Building an AI-Powered Insurance Q and A Assistant With RAG and Snowflake Cortex
This project shows how to create an AI-powered insurance Q&A assistant using Retrieval-Augmented Generation and Snowflake Cortex Search for accurate answers.
Join the DZone community and get the full member experience.
Join For FreeIn the insurance industry, there are vast amounts of data stored in documents like policies, claim details, and FAQs. Providing answers to customers' queries quickly and accurately is crucial for satisfaction and efficiency. The objective of this project is to develop an AI-powered Q&A assistant using Retrieval Augmented Generation (RAG) and Snowflake Cortex Search.
RAG (Retrieval-Augmented Generation) integrates large language models with external information retrieval. Upon the user asking a question, the system brings back candidate documents from a knowledge base. The documents act as context to the LLM to generate a proper and informative response.
This project demonstrates how to build a robust and effective insurance Q&A assistant by combining the strengths of Retrieval Augmented Generation (RAG) with Snowflake Cortex Search. Using Snowflake's semantic search capability, we can quickly retrieve contextually relevant information from an insurance document knowledge base. The retrieved context is then used as input to a Large Language Model (LLM) to generate accurate and informative answers to user queries.

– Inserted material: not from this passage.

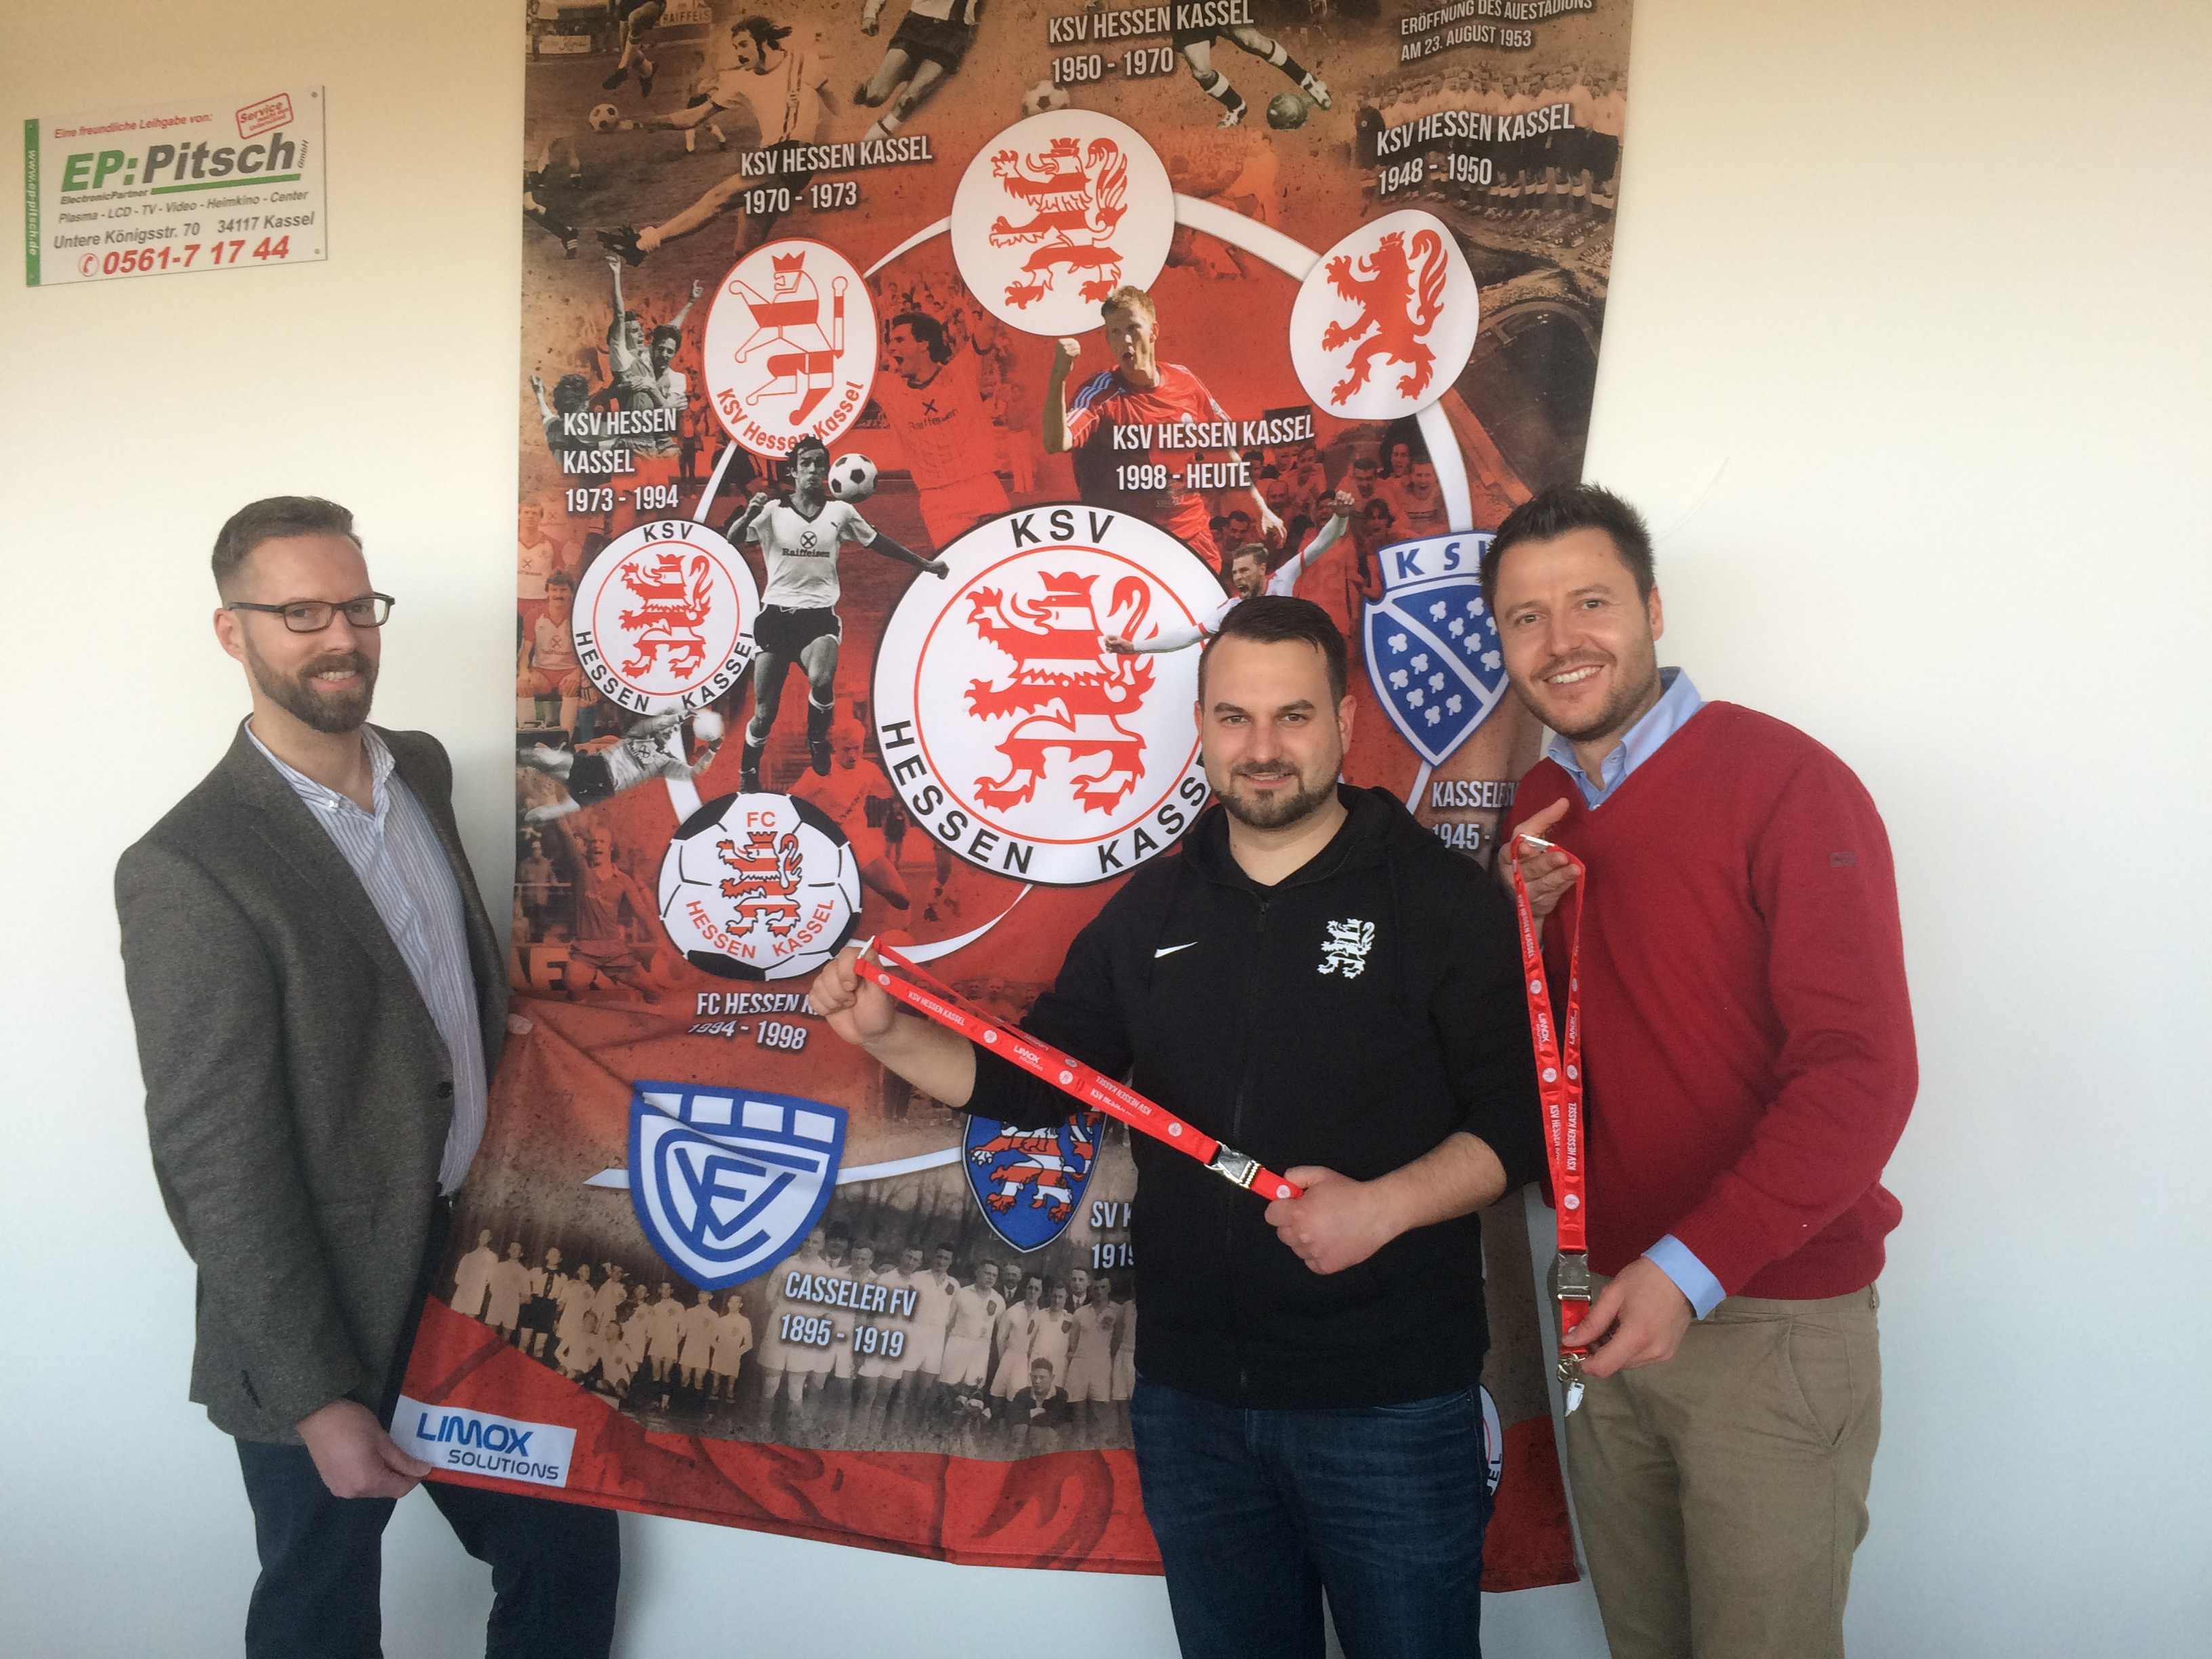 Limox pr�sentiert Banner im VIP-Raum: Christian Cnyrim, Tobias Zeller, Michael Krannich

Snowflake Cortex Search allows us to perform semantic search directly within Snowflake, enabling efficient retrieval of relevant documents based on their meaning, not just keywords
Here is step by step setup :
This process provides significant benefit compared to traditional keyword-based search or using LLMs without contextual awareness.
1. Setup Environment:
pip install streamlit snowflake-connector-python python-dotenv
2. Create an .env file:
SNOWFLAKE_ACCOUNT=your_snowflake_account
SNOWFLAKE_USER=your_snowflake_user
SNOWFLAKE_PASSWORD=your_snowflake_password
SNOWFLAKE_WAREHOUSE=your_snowflake_warehouse
SNOWFLAKE_DATABASE=your_snowflake_database
SNOWFLAKE_SCHEMA=your_snowflake_schema
3.Create the INSURANCE_DOCUMENTS table in Snowflake:
CREATE TABLE INSURANCE_DOCUMENTS (
DOCUMENT_CONTENT STRING
);
4. Populate the table with sample example data:
INSERT INTO INSURANCE_DOCUMENTS (DOCUMENT_CONTENT) VALUES
('Auto insurance policy coverage: This policy covers damages caused by collisions, theft, and natural disasters. Liability coverage is also included.'),
('Claim filing guide for water damage: To file a water damage claim, provide photos, a description of the damage, and any repair estimates.'),
('Health insurance plan limitations: This plan does not cover cosmetic surgery or experimental treatments. Pre-existing conditions may have waiting periods.'),
('Life insurance beneficiary change process: To change your beneficiary, complete a beneficiary change form and submit it to the insurance company.'),
('Documents needed for car accident claims: You will need a police report, photos of the accident scene, and contact information for all parties involved.');
5. Create the Streamlit application (insurance_qa.py):
import streamlit as st
import snowflake.connector
import os
from dotenv import load_dotenv
load_dotenv()
# Snowflake Cortex Search Configuration
SNOWFLAKE_ACCOUNT = os.environ.get("SNOWFLAKE_ACCOUNT")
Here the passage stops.